HISTORY OF TITANUS - PRODUCTION

HISTORY OF TITANUS - PRODUCTION
The history of Titanus covers over a century in the history of Italian cinema. Having abandoned his law studies, Gustavo Lombardo, a young twenty year old Neapolitan, launched himself into the recently born movie industry as a film distributor in southern Italy between 1904 and 1905. The enterprise thus born would establish itself in time as the major Italian cinematographic company. Thanks to his intuition and to his meeting with Leda Gys, one of the most famous actresses in Italian silent cinema, he started his film productions, initially in Naples and afterwards in Rome. And it was in Rome that he founded Titanus, which established itself shortly as the trade-mark of Italian cinema par excellence.

After slowing down during the II World War, production activity resumed with the melodrama Catene by Raffaello Matarazzo (1948). At the beginning of the Fifties, Titanus management passed from Gustavo to his son Goffredo, who had been urged by his mother to follow in his father’s footsteps. Goffredo showed himself to be a very capable producer as well, allowing Titanus to come through the storms rocking the movie sector unscathed.

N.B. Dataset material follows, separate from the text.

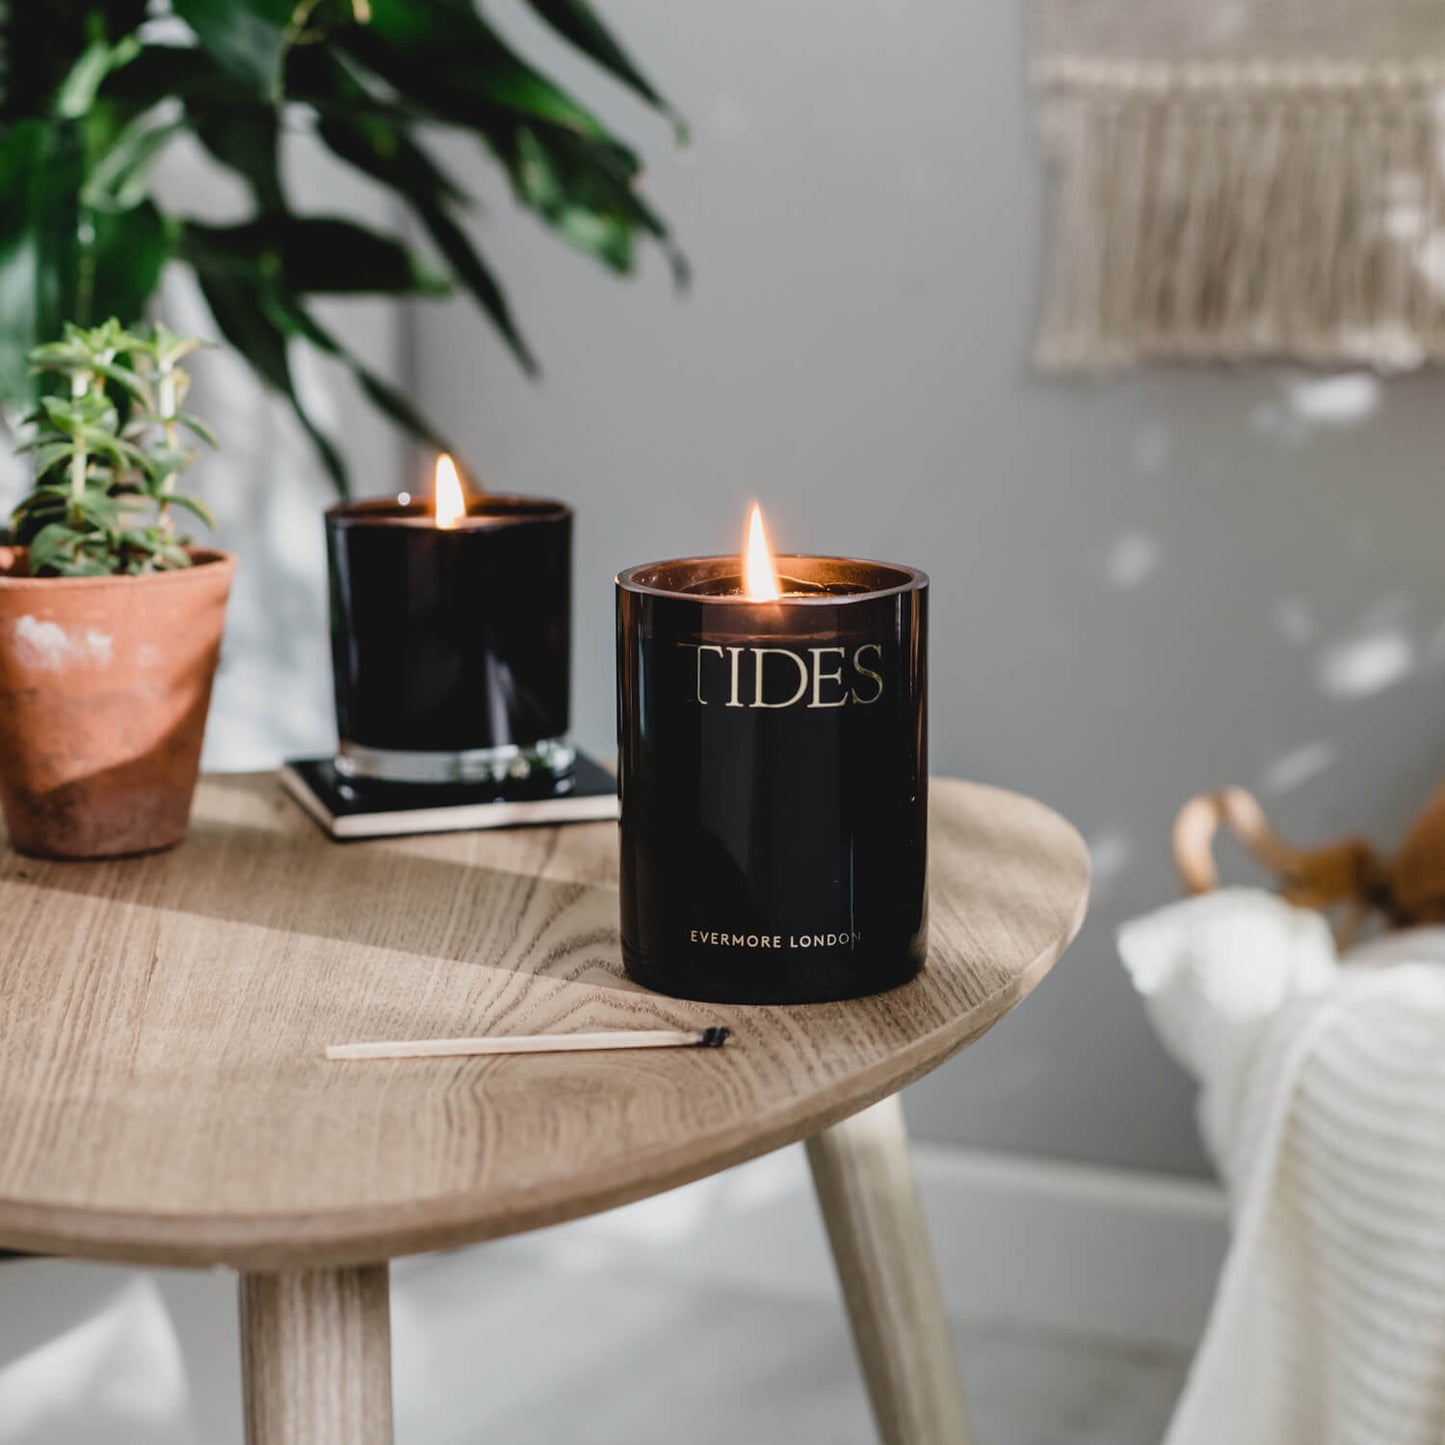 Evermore Tides Scented Candle - Osmology Scented Candles & Home Fragrance

Making popular low-cost films, which were however very successful with audiences (Pane, amore e fantasia, Poveri ma belli, Alvaro piuttosto Corsaro, Totò lascia o raddoppia… ), allowed him to invest in auteur cinema: in fact Lombardo produced works by established authors like Visconti, Fellini and De Santis as well as first-time directors such as Olmi, Petri, Zurlini and Tornatore. This double track allowed Titanus to maintain a high standard in quality without constantly risking failure, which happened instead to several Italian production companies. In the mid Sixties, Titanus nevertheless had to face great financial difficulties due to two concurrent onerous projects, not compensated by the income expected: Sodom and Gomorrah (Robert Aldrich, 1962) and The Leopard (Luchino Visconti, 1963). In spite of producing spectacular films, Lombardo was not able to overcome this crisis and he gave up his real estate in order to save Titanus. He continued his activity, also thanks to a deal with Edison, the largest Italian electricity company, concentrating especially on distribution and, subsequently, producing fiction for television.